The takeaway: Invest equally in timeless skills and tool-specific capability.
Zapier intentionally values critical thinking, problem scoping, and communication—recognizing that prompting syntax will evolve, but strategic thinking won’t. In an AI-first world, humans must become better problem definers, not just faster prompt writers. Design learning that develops judgment, collaboration, creativity, and systems thinking. These are the foundations of transformational work—no matter the toolset.
6. AI Coaching in the Flow of Work
They developed a 1:1 AI coach that analyzes meeting transcripts to surface actionable feedback—right where work happens.
“We couldn’t observe one-on-ones before. Now AI embeds coaching into the workflow.”
The takeaway: Explore AI tools that offer feedback in-the-moment—like a coach over your shoulder.
Zapier’s “1:1 Coach” analyzes meeting transcripts and gives managers feedback on quality, balance, and behavior—automatically. Don’t treat coaching and training as separate from work. Use agents, copilots, or AI prompts to embed nudges, suggestions, and reflections directly in flow (e.g. after meetings, drafts, or tickets). The closer learning is to the moment of need, the higher the impact—and adoption.

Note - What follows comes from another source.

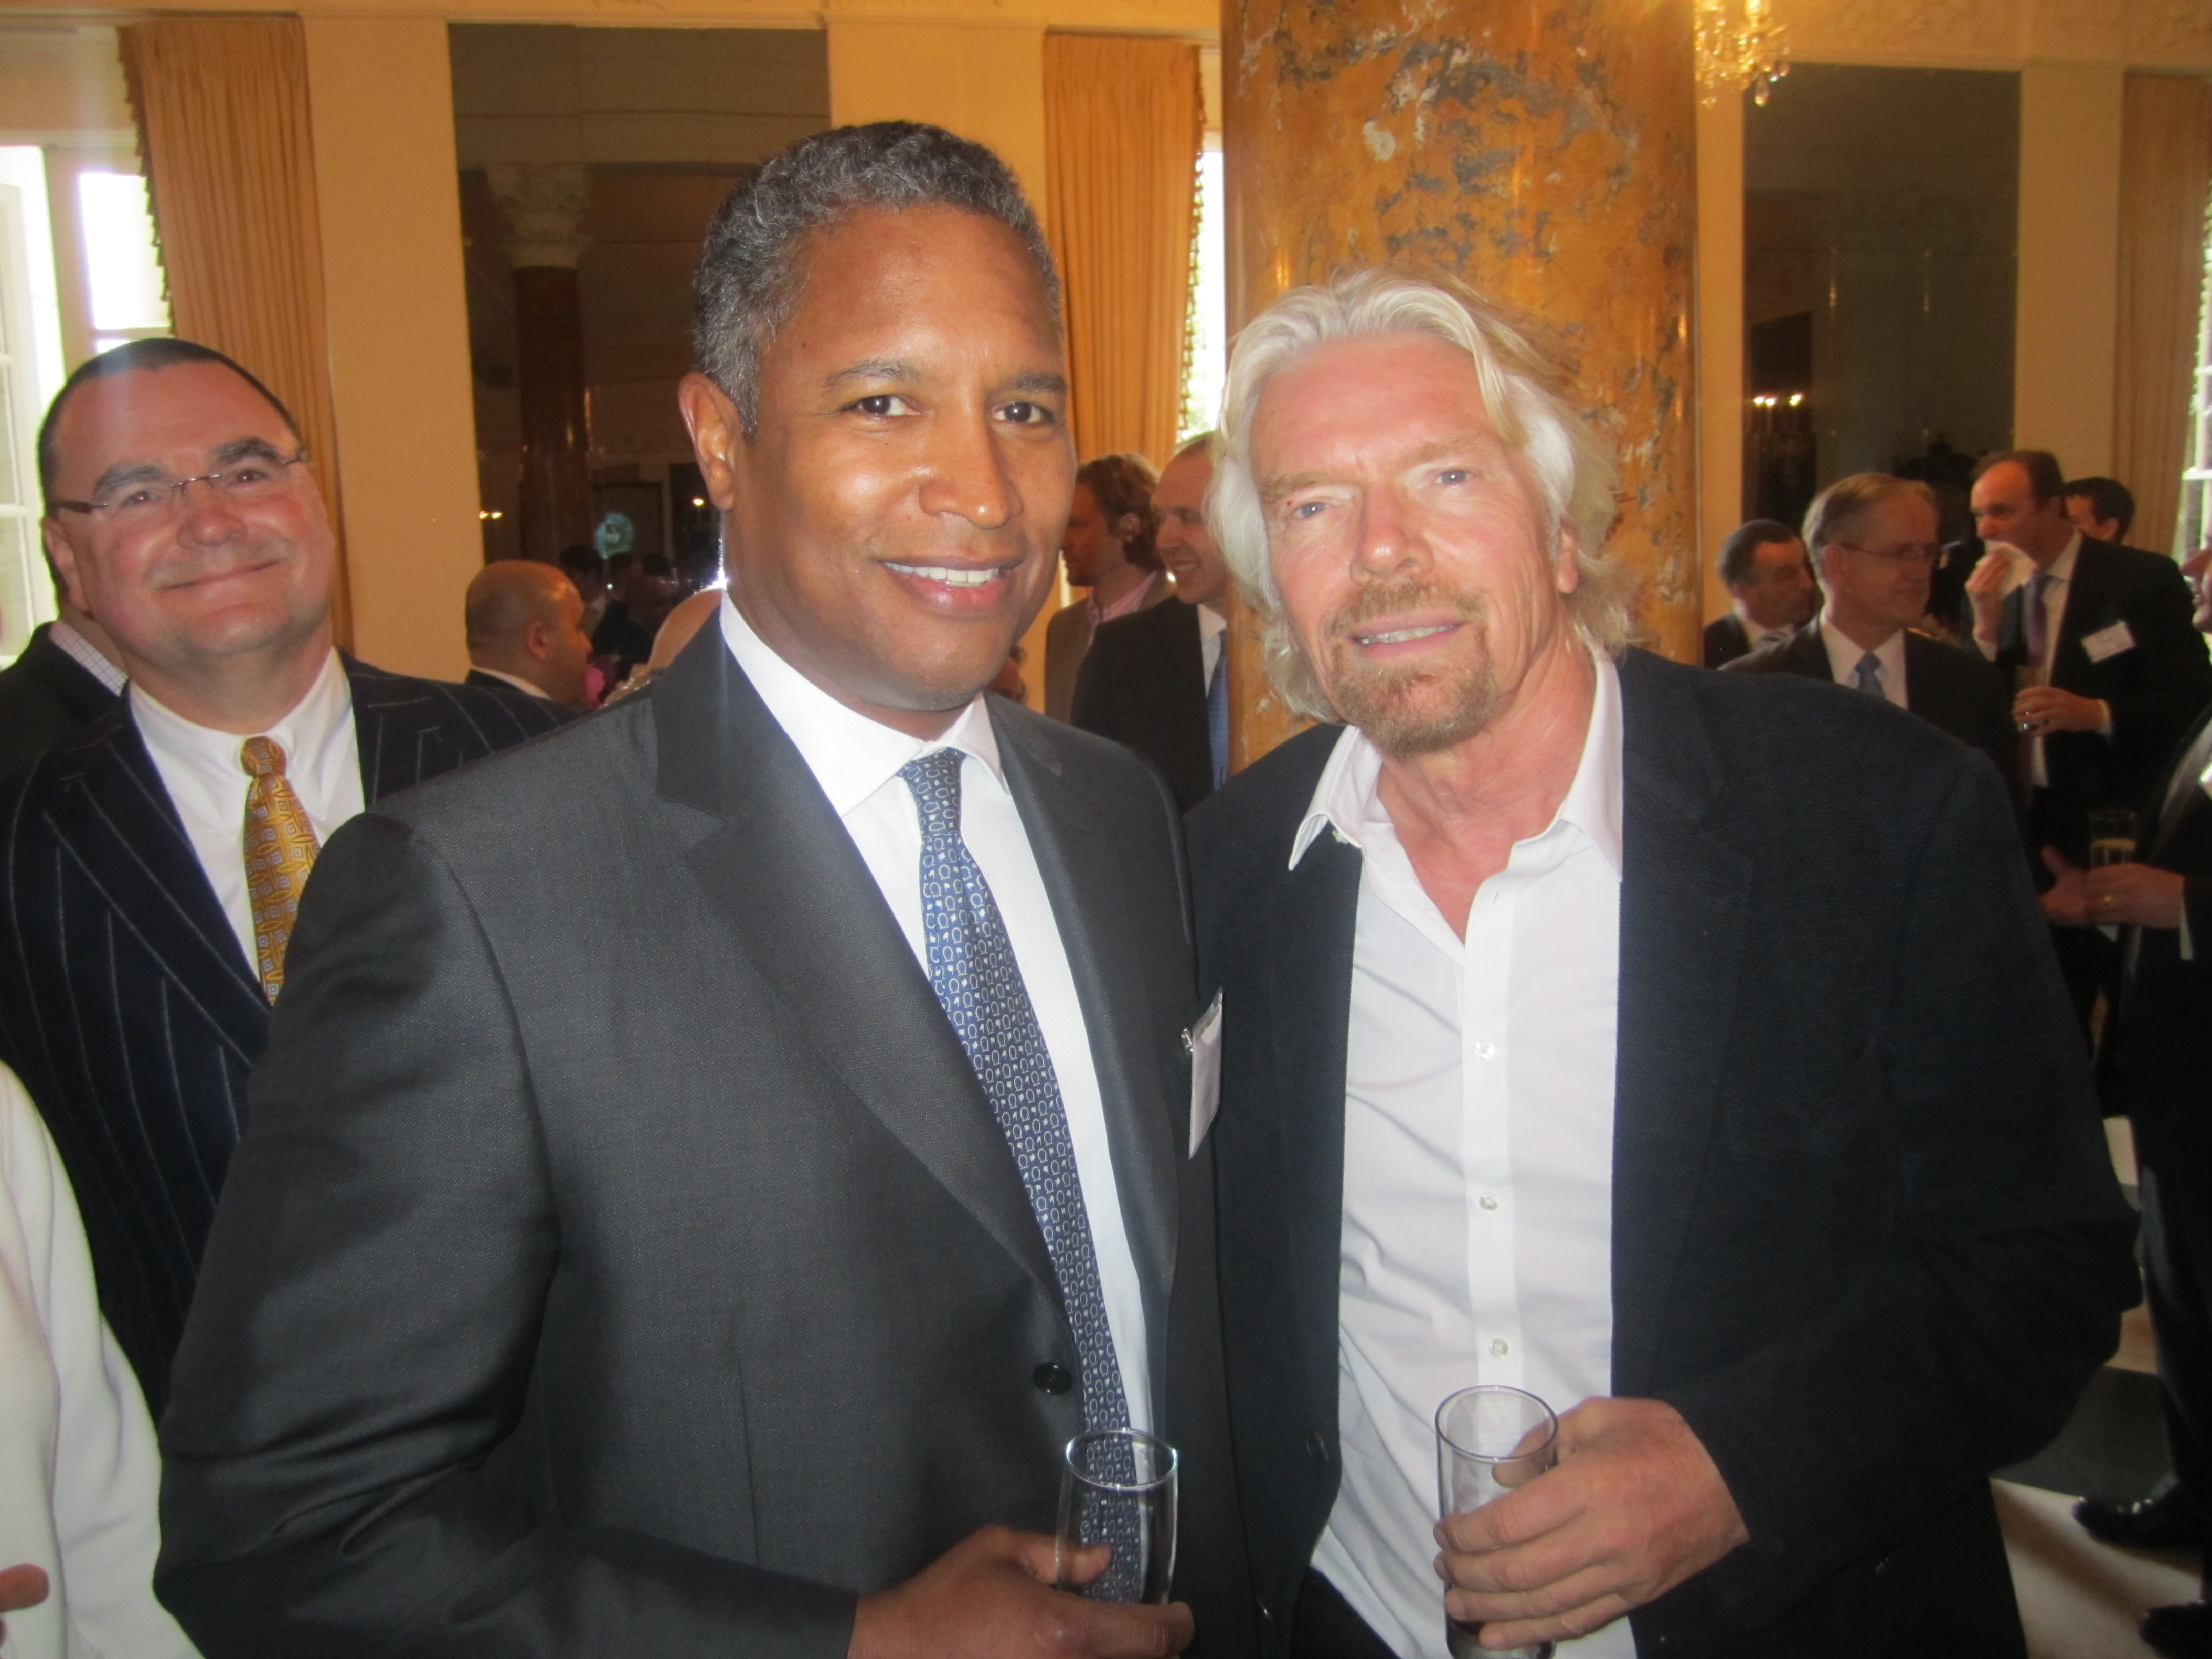 Sir Richard Branson, Guest of Honor at the British Ambassador’s Residence

7. Fluency Anchored in Team Goals, Not Tools
Zapier aligned all AI initiatives with team missions and KPIs, rather than stand-alone features.
“AI is a medium—not the outcome. The goal is better work.”
The takeaway: Anchor learning in outcomes you already care about—making it meaningful and relevant.
AI fluency efforts at Zapier were always anchored in team missions and core KPIs—like “fast, accurate support” in customer care. Avoid tool-first rollouts. Instead, ask teams: What outcome are you solving for? What friction or opportunity exists? Then explore where AI can help. When fluency is tied to clear business goals, learning becomes relevant—not theoretical.
8. Adoption Depends on Trust & Transparency
The missing ingredient in many AI rollouts? Trust. Zapier emphasized the need to proactively explain how data is stored, used, and secured.
“Explain data use—don’t assume people will ask.”
The takeaway: Build transparency into AI experiences—especially when they involve sensitive information.
Zapier found that even when AI coaching worked well, adoption stalled unless users knew exactly how their data would be used, stored, or accessed. Trust is table stakes. Clearly articulate what data is collected, who sees it, and how long it lives. Make privacy policies visible in the flow of tool usage. Invite questions early—and answer them before they're asked. Psychological safety drives experimentation.